Emily Dickinson: 188 years young and fresh!
December 10th marks Emily Dickinson’s 188th birthday. Almost two centuries since her birth, we might wonder what has given her such staying power. Why is it that virtually every American high school student learns to recite a Dickinson poem — and that so many of us long past high school can still recall those lines of verse we committed to memory so many years ago?
Though I am not a Dickinson scholar, I am a fan. And through the research for my recent book, After Emily: Two Remarkable Women and the Legacy of America’s Greatest Poet, I’ve delved into the stories of Mabel Loomis Todd and Millicent Todd Bingham, the two women who brought Dickinson’s poetry and letters to press and crafted an image of the poet we still have today. In writing my book, I’ve learned a lot about the life and work of the so-called “Belle of Amherst.”

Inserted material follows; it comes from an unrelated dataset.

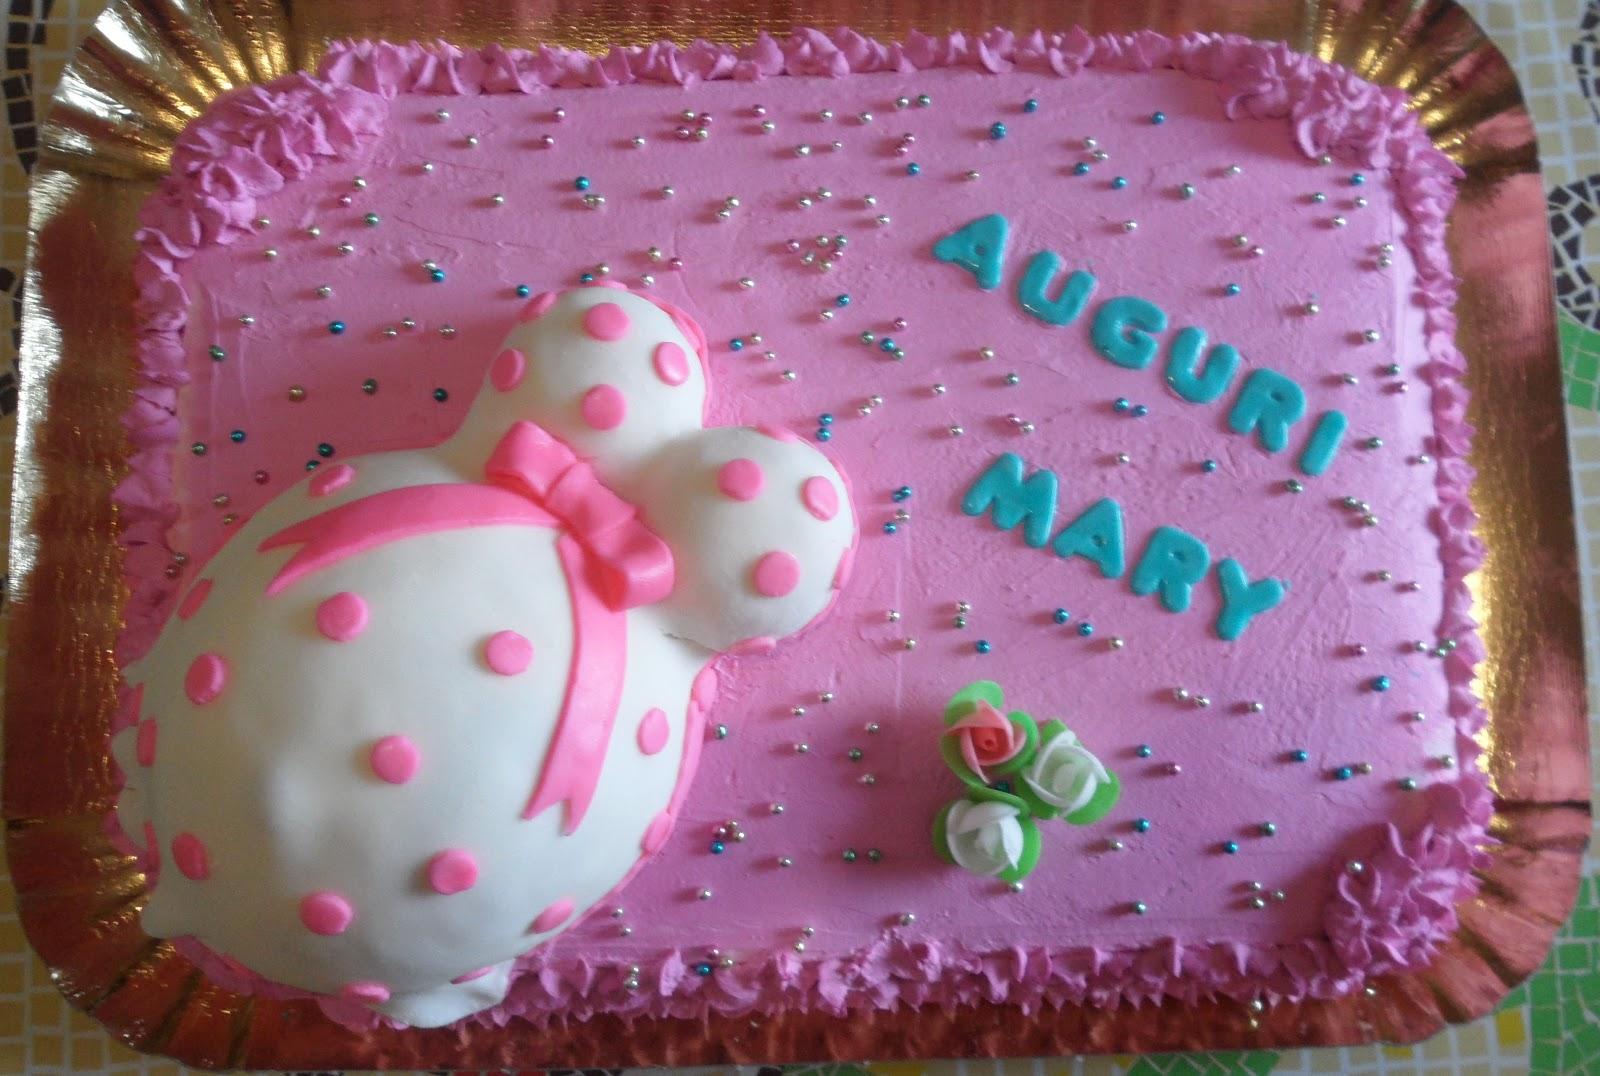 Torta Compleanno Neo Mamma.Torte A Tema Di Kriss Cagliari Sardegna Torta Per Futura Mamma In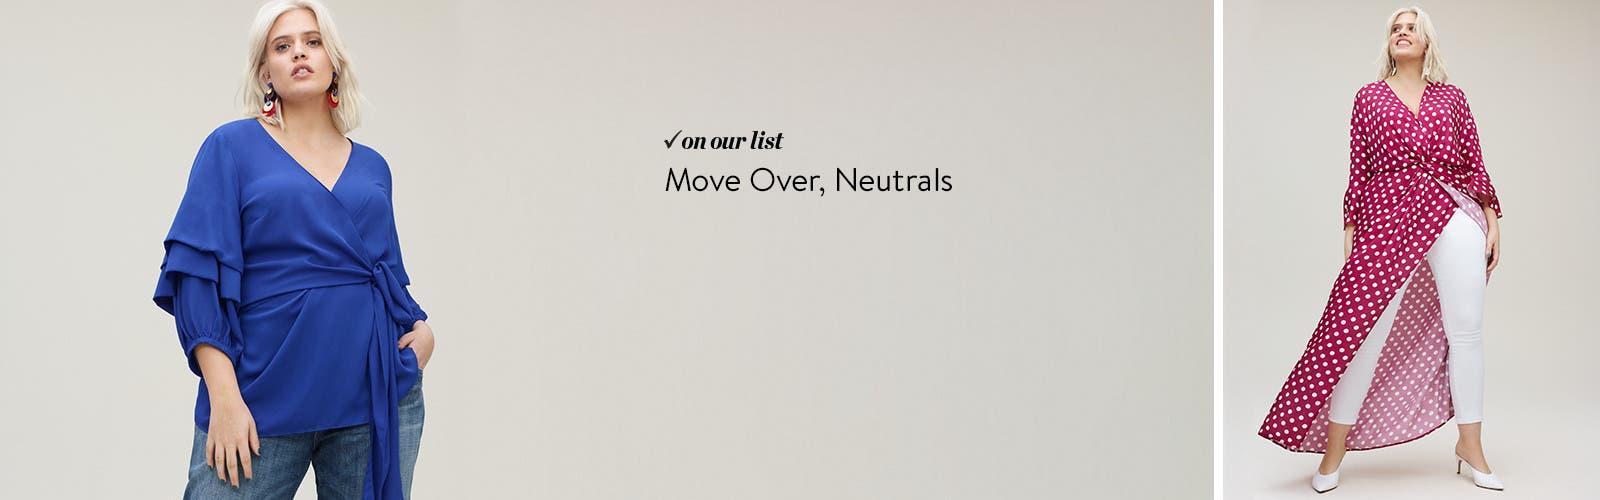 Move over, neutrals.

One of the things I’ve learned is that it’s not just U.S. residents who revere Emily Dickinson. There’s significant scholarship about her work in countries around the world. There is an International Emily Dickinson Society, and perhaps a special affinity for Dickinson’s work in Japan.
A quick Google search for “Emily Dickinson” yields over 40 million hits. Renderings of Emily Dickinson can be found not only in print, but also in song, art, drama and film.
Why do so many people around the world love Dickinson’s poetry? I think it has something to do with how fresh it remains, how remarkable her combinations of words are, how her idiosyncratic use of punctuation and capitalization perhaps give us clues about how to read the poems -even, perhaps, about where to breathe.
And it has something to do with how nuanced it all is. So many poems take on a small moment in nature — a spider spinning a web, the leaves turning color in the fall — and yet manage to make us think of the larger issues of how miraculous these small moments are. Or her brilliant and distinct use of metaphor makes us realize the different levels on which she simultaneously wrote.
It might be that the mystery that surrounds so much of Dickinson’s life and work that also partially accounts for why we continue to find her endlessly intriguing.
Back in 1891, the year after the first volume of Dickinson’s poetry was published and quickly went through six printings, Thomas Wentworth Higginson wrote a piece about her that was published in the Atlantic Monthly. Higginson, the Civil War colonel who led a black regiment from Massachusetts, also earned fame as an abolitionist and literary figure. Emily Dickinson reached out to him and sent him some poems, pondering if they “were alive.” This led to an extended correspondence between and two visits before the poet’s death in 1886; Higginson attended Emily Dickinson’s funeral. It also led Higginson to co-edit the first two volumes of her poetry with Mabel Loomis Todd.
In his 1891 Atlantic Monthly piece, meant to help build excitement around the poetry of this newly published talent whose work broke with so many conventions of 19th century verse, Higginson wrote, “Few events in American literary history have been more curious than the sudden rise of Emily Dickinson into a posthumous fame only more accentuated by the utterly recluse character of her life and by her aversion to even a literary publicity. The lines which form a prelude to the published volume of her poems are the only ones that have come to light indicating even a temporary desire to come in contact with the great world of readers; she seems to have had no reference, in all the rest, to anything but her own thought and a few friends.”
For all of the hundreds of books and thousands of articles that have been written, there are still so many things we just don’t know about Emily Dickinson. How is it possible that she wrote so many amazing poems during her lifetime and yet so few people had a clue that she did? Which of the many word choices she left behind did she truly intend? How much of her life story can we read into her poetry? Why did she begin the retreat to her home and her room that characterized the latter years of her life?
While there is so much about Dickinson that remains shrouded in mystery, there is one thing that’s clear. In the correspondence I have received since the publication of my book, it’s become evident to me that Emily Dickinson continues to inspire not only intrigue, but also creative expressions born of some kind of connection to her. People have sent me poems that they’ve composed a la Emily. One person sent me a song, and another, a link to music composed meant to go along with her poem “Because I could not stop for death.” At book readings and events I’ve done I have heard from people hard at work on their own Emily Dickinson-related papers, books and projects.
One of my colleagues at Tufts, Madeleine Delpha, sent along some artistic renderings she’d created. She’s kindly allowed me to reproduce them.
So happy birthday, Emily! You continue to amaze us, mystify us and inspire us, 188 years since you first came into this world.